Мы едва приступили к утренней трапезе, как наш покой нарушила вездесущая Эхсан, бесцеремонно ворвавшись в скромную обитель двух султанш и заставив их лицезреть свой встревоженный и загадочный облик. Нескольких её коротких слов стало достаточно для того, чтобы это смятение передалось и нам в удвоенном размере.
- У Сиявуш Хатун начались роды! - проговорила запыхавшаяся Эхсан и в спешке удалилась, а мы с Айше лишь переглянулись, не зная, как реагировать на данное событие.
========== Глава 38 ==========
Сиявуш в расслабленной позе сидела на широкой кровати, всем телом погрузившись в подушки и откинув волосы назад, дабы те не мешали и не кололи израненную грудь. Безумными, тусклыми, без единого смысла глазами она отрешённо скользила взглядом по стенам, потолку, всем находящимся в комнате предметам, но ничто из привычных атрибутов убранства покоев Хасеки отнюдь не интересовало отчаявшуюся женщину. Её внутренний свет, когда-то так сильно притягивающий к себе людей, безвозвратно потух, руки опустились в негласной борьбе, и лишь губы что-то несвязно шептали, превращая слова в навязчивое жужжание.
- Валиде Султан... Умоляю, отдайте мне Баязида! Всем сердцем прошу! Я же знаю, что Вы самая великодушная и милосердная султанша, каких ещё не видывал Османский мир, а потому Аллахом прошу: отдайте моего сына мне! - почти плача взмолилась Сиявуш и поджала пухлые губы, окружённые местами потрескавшимися, глубокими, кровоточащими ранами.
- Милая, - я присела рядом с девушкой и осторожно сжала её руку, с сочувствием посмотрев на глубокую царапину в центре её лба, что грозила навсегда остаться нелицеприятным шрамом, если не принять необходимых мер по её устранению. - Я бы с радостью, дорогая, но, извини, ты выглядишь сейчас не лучшим образом, а потому стоит повременить со встречей. Он ещё мал, может испугаться. Извини, но это истина, и от неё никуда не спрячешься.

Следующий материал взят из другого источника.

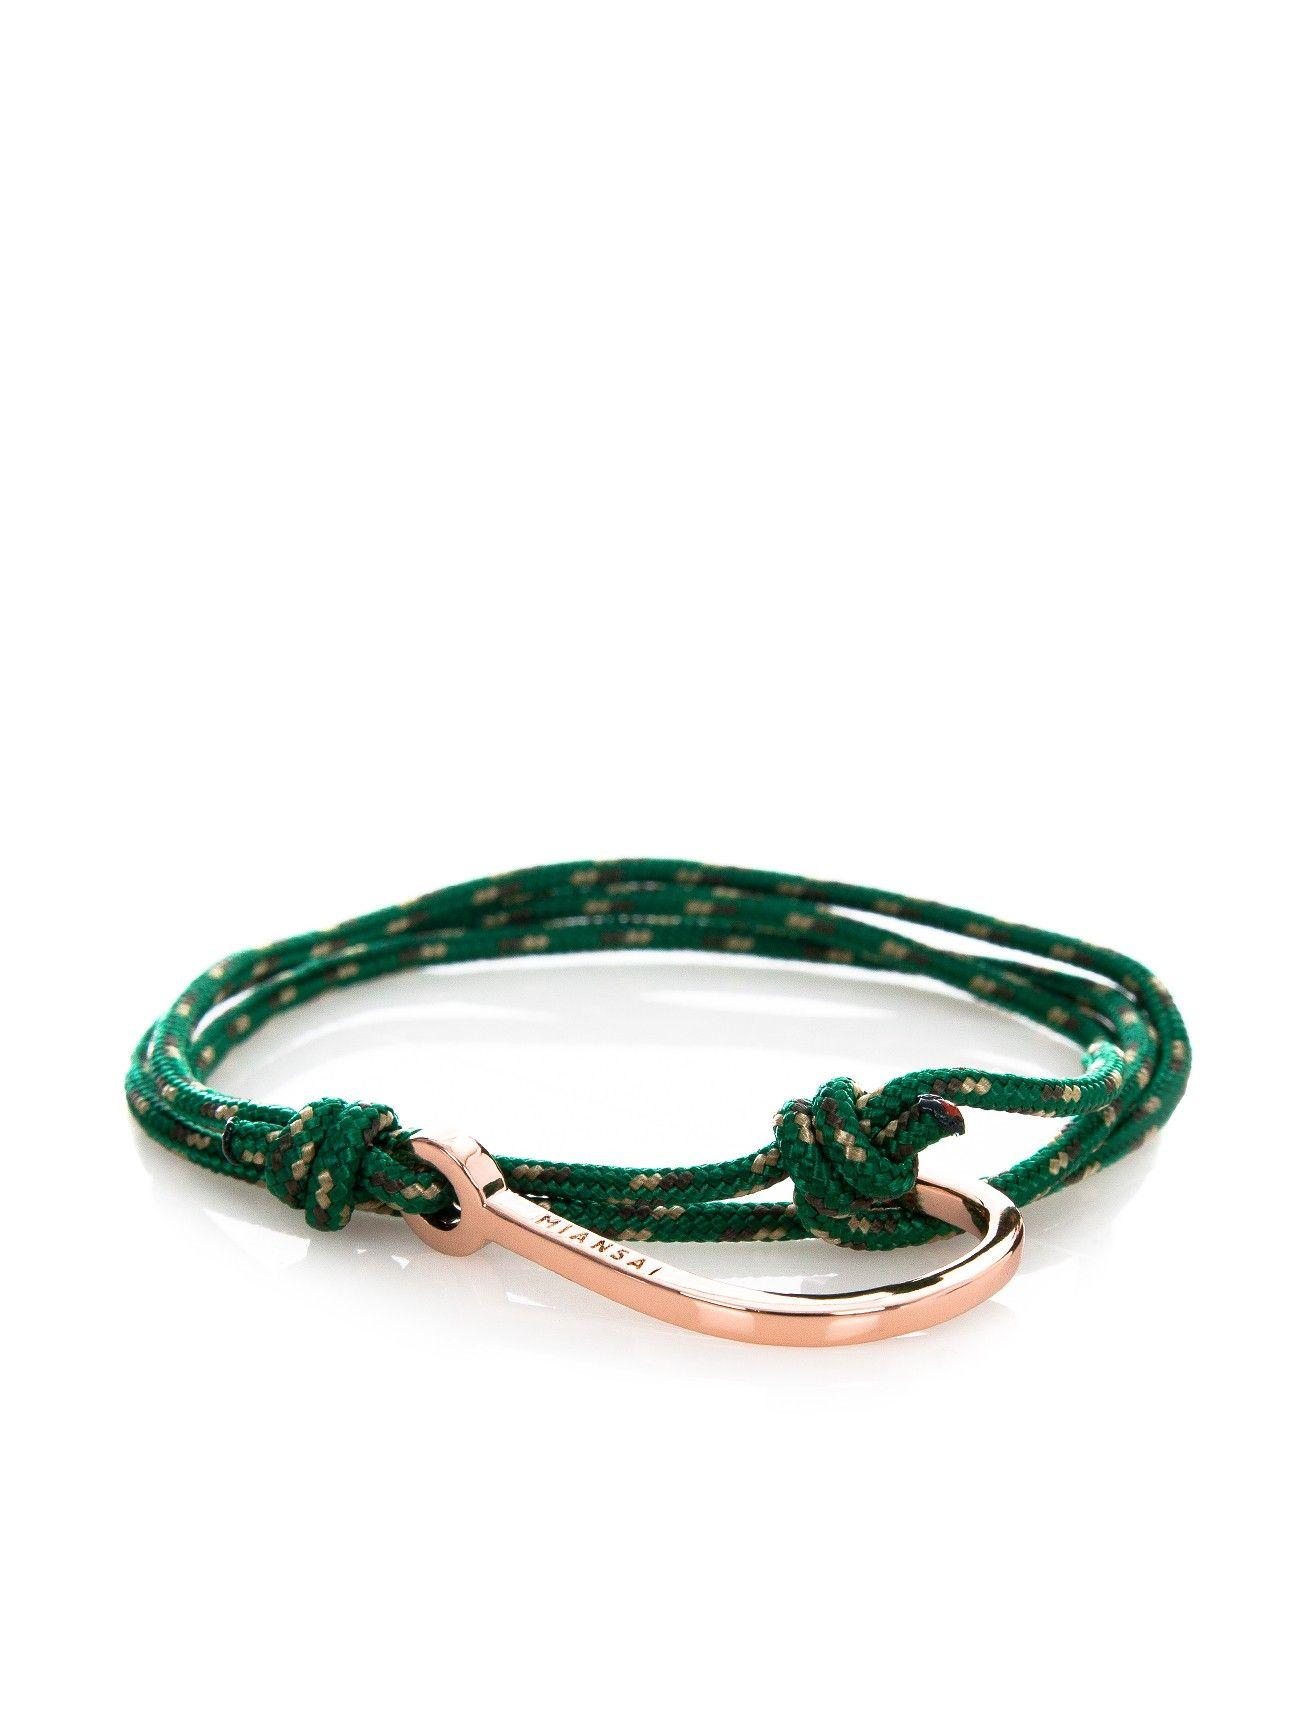 Scoop nyc miansai rope bracelet gold hook men gifts

- Пожалуйста, Валиде Султан...
- Сиявуш, это исключено. Мой внук некоторое время поживёт в моих покоях, пока ты не пойдёшь на поправку. К тому же, Мустафа очень любит возиться с младшим братом, да и Ахмед, что на несколько месяцев старше Баязида, с таким интересом смотрит на него! Они такие сладкие! Можешь быть уверена: в моих покоях ему ничего не грозит. Пока я жива, это будет так.
- Вы так думаете? - наложница сына едва успокоилась, но всё её тело было напряжено до предела.
- Конечно.
Сиявуш печально улыбнулась, но тут же скорчилась от боли, так как одна из её многочисленных ран треснула, и тягучая, вязкая жидкость прыснула на шёлковый платочек, который наложница всегда держала около лица. Это даже лицом назвать было невозможно - сплошное кровавое месиво.
- А эта змея не доберётся и до моего сына? - в голосе хатун прозвучали боль и настороженность. - Вы ведь знаете, какая она коварная и жестокая женщина. Шайтан в юбке.
- В этот раз ей не сойдёт с рук очередное преступление.